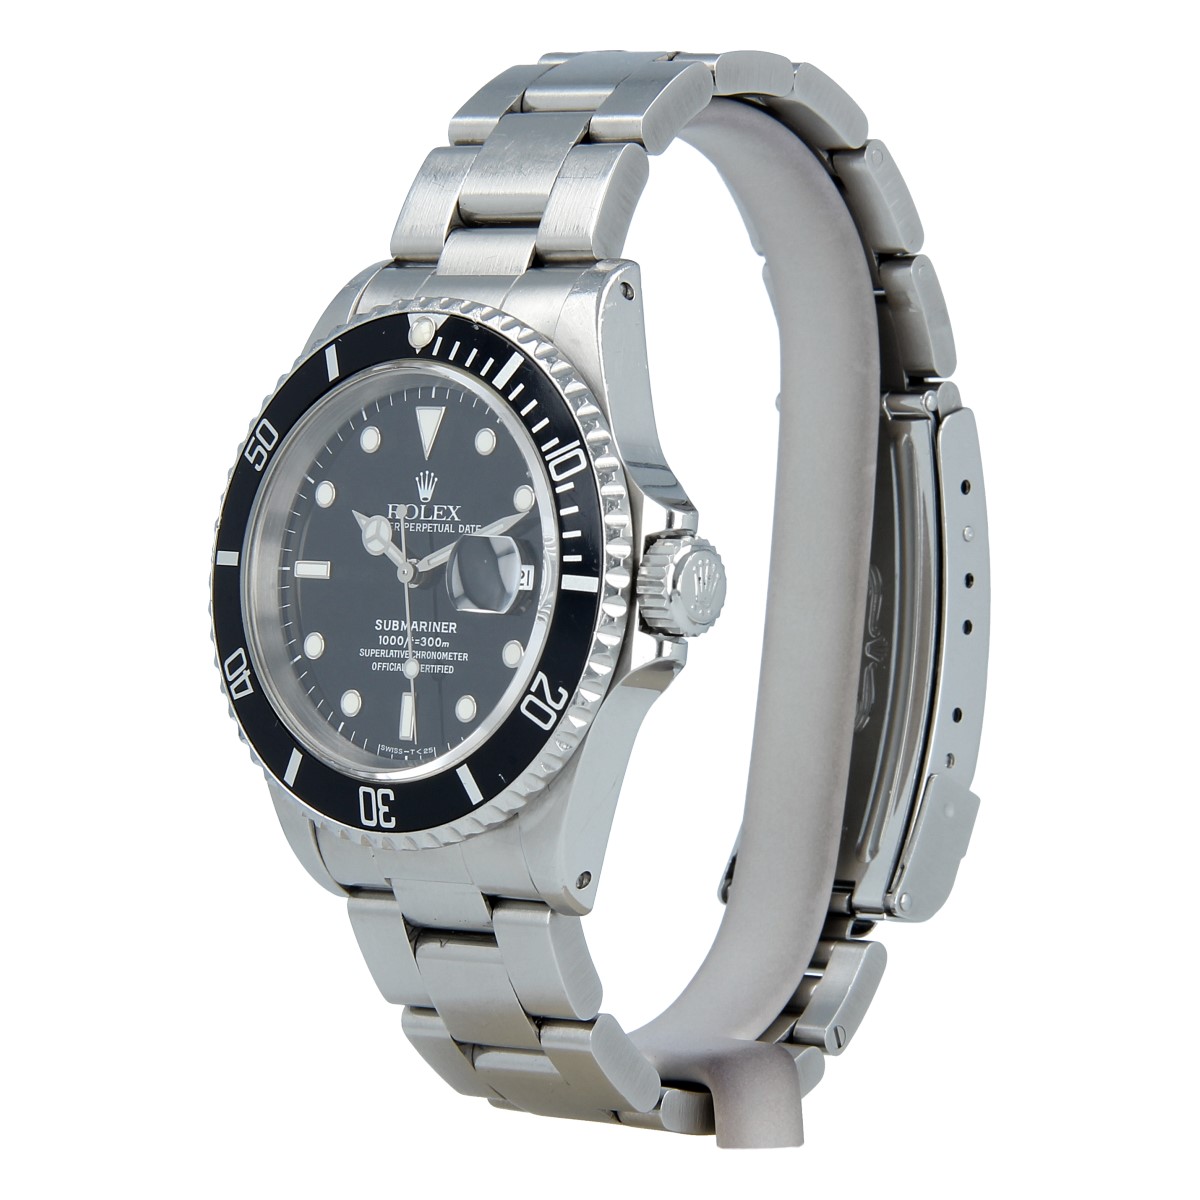 Rolex Submariner Date 16610 Never Polished | Buy pre-owned Rolex watch
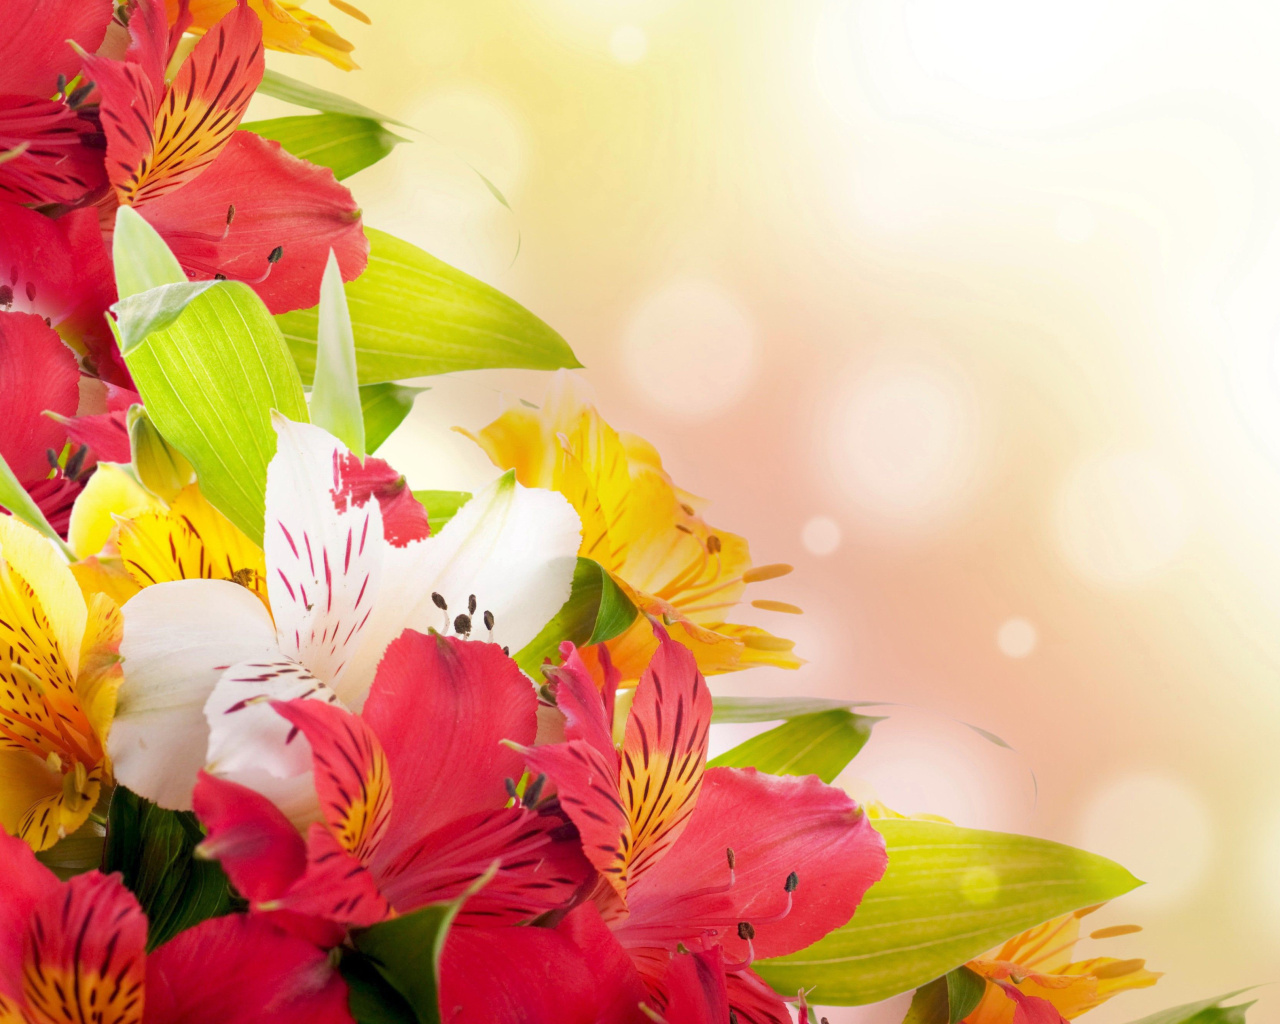 Flowers for the holiday of March 8 screenshot #1 1280x1024
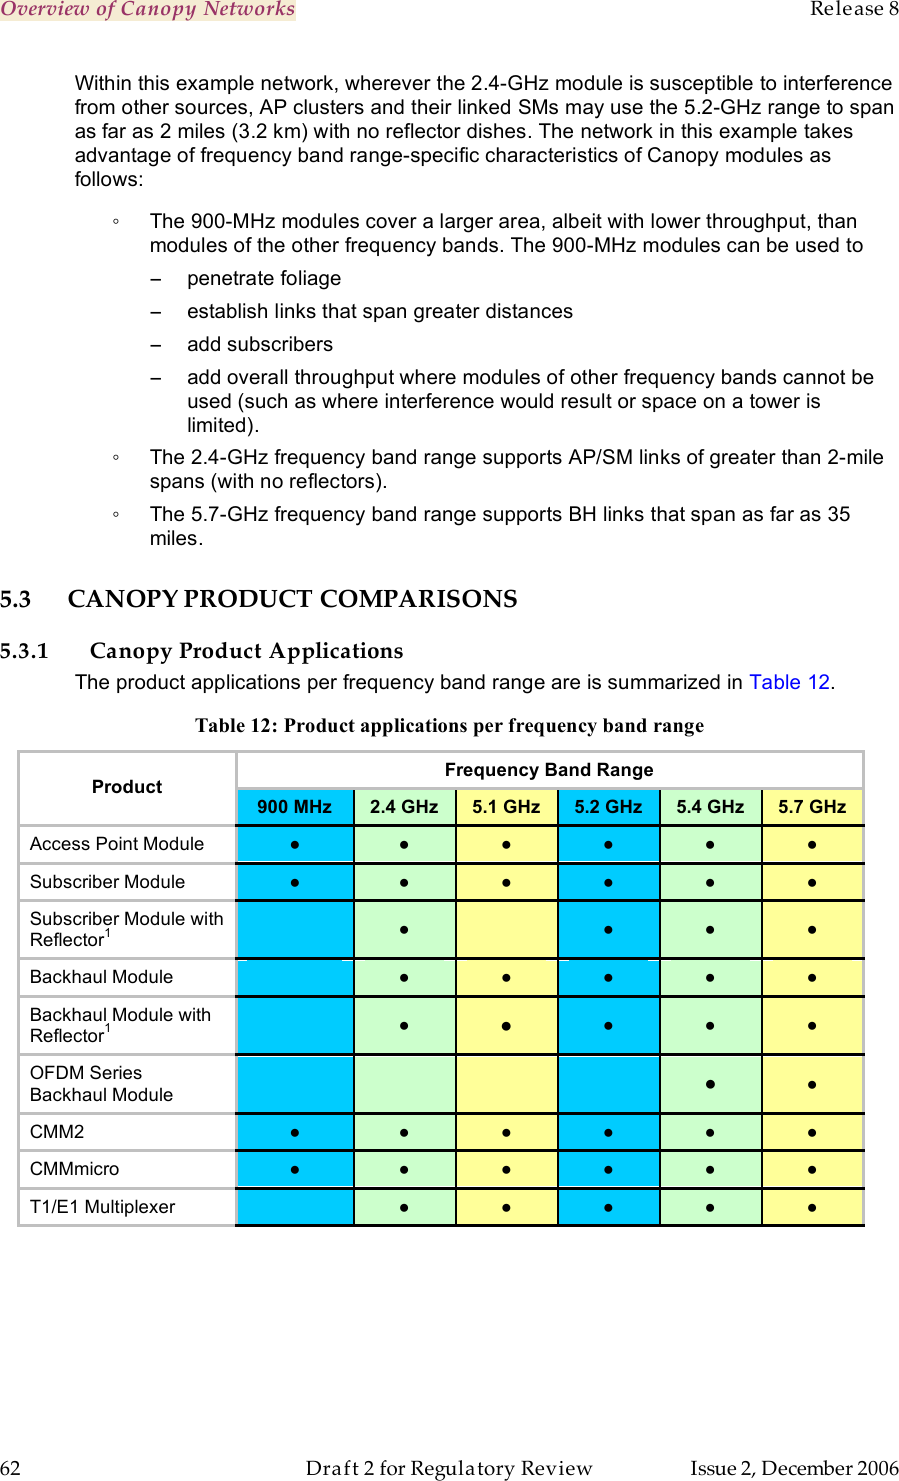 Overview of Canopy Networks    Release 8   62  Draft 2 for Regulatory Review  Issue 2, December 2006 Within this example network, wherever the 2.4-GHz module is susceptible to interference from other sources, AP clusters and their linked SMs may use the 5.2-GHz range to span as far as 2 miles (3.2 km) with no reflector dishes. The network in this example takes advantage of frequency band range-specific characteristics of Canopy modules as follows: ◦  The 900-MHz modules cover a larger area, albeit with lower throughput, than modules of the other frequency bands. The 900-MHz modules can be used to  −  penetrate foliage −  establish links that span greater distances −  add subscribers −  add overall throughput where modules of other frequency bands cannot be used (such as where interference would result or space on a tower is limited). ◦  The 2.4-GHz frequency band range supports AP/SM links of greater than 2-mile spans (with no reflectors). ◦  The 5.7-GHz frequency band range supports BH links that span as far as 35 miles. 5.3 CANOPY PRODUCT COMPARISONS 5.3.1 Canopy Product Applications The product applications per frequency band range are is summarized in Table 12. Table 12: Product applications per frequency band range Frequency Band Range Product 900 MHz 2.4 GHz 5.1 GHz 5.2 GHz 5.4 GHz 5.7 GHz Access Point Module ● ● ● ● ● ● Subscriber Module ● ● ● ● ● ● Subscriber Module with Reflector1  ●  ● ● ● Backhaul Module  ● ● ● ● ● Backhaul Module with Reflector1  ● ● ● ● ● OFDM Series Backhaul Module     ● ● CMM2 ● ● ● ● ● ● CMMmicro ● ● ● ● ● ● T1/E1 Multiplexer  ● ● ● ● ●

**TASK GOAL:**
Line by line, reproduce the material above exactly, leaving each picture out.

**RESPONSE FOR THIS EXERCISE:**
 Rolex Submariner Date 16610 Never Polished | Buy pre-owned Rolex watch
 Flowers for the holiday of March 8 screenshot #1 1280x1024
 Overview of Canopy Networks    Release 8   62  Draft 2 for Regulatory Review  Issue 2, December 2006 Within this example network, wherever the 2.4-GHz module is susceptible to interference from other sources, AP clusters and their linked SMs may use the 5.2-GHz range to span as far as 2 miles (3.2 km) with no reflector dishes. The network in this example takes advantage of frequency band range-specific characteristics of Canopy modules as follows: ◦  The 900-MHz modules cover a larger area, albeit with lower throughput, than modules of the other frequency bands. The 900-MHz modules can be used to  −  penetrate foliage −  establish links that span greater distances −  add subscribers −  add overall throughput where modules of other frequency bands cannot be used (such as where interference would result or space on a tower is limited). ◦  The 2.4-GHz frequency band range supports AP/SM links of greater than 2-mile spans (with no reflectors). ◦  The 5.7-GHz frequency band range supports BH links that span as far as 35 miles. 5.3 CANOPY PRODUCT COMPARISONS 5.3.1 Canopy Product Applications The product applications per frequency band range are is summarized in Table 12. Table 12: Product applications per frequency band range Frequency Band Range Product 900 MHz 2.4 GHz 5.1 GHz 5.2 GHz 5.4 GHz 5.7 GHz Access Point Module ● ● ● ● ● ● Subscriber Module ● ● ● ● ● ● Subscriber Module with Reflector1  ●  ● ● ● Backhaul Module  ● ● ● ● ● Backhaul Module with Reflector1  ● ● ● ● ● OFDM Series Backhaul Module     ● ● CMM2 ● ● ● ● ● ● CMMmicro ● ● ● ● ● ● T1/E1 Multiplexer  ● ● ● ● ●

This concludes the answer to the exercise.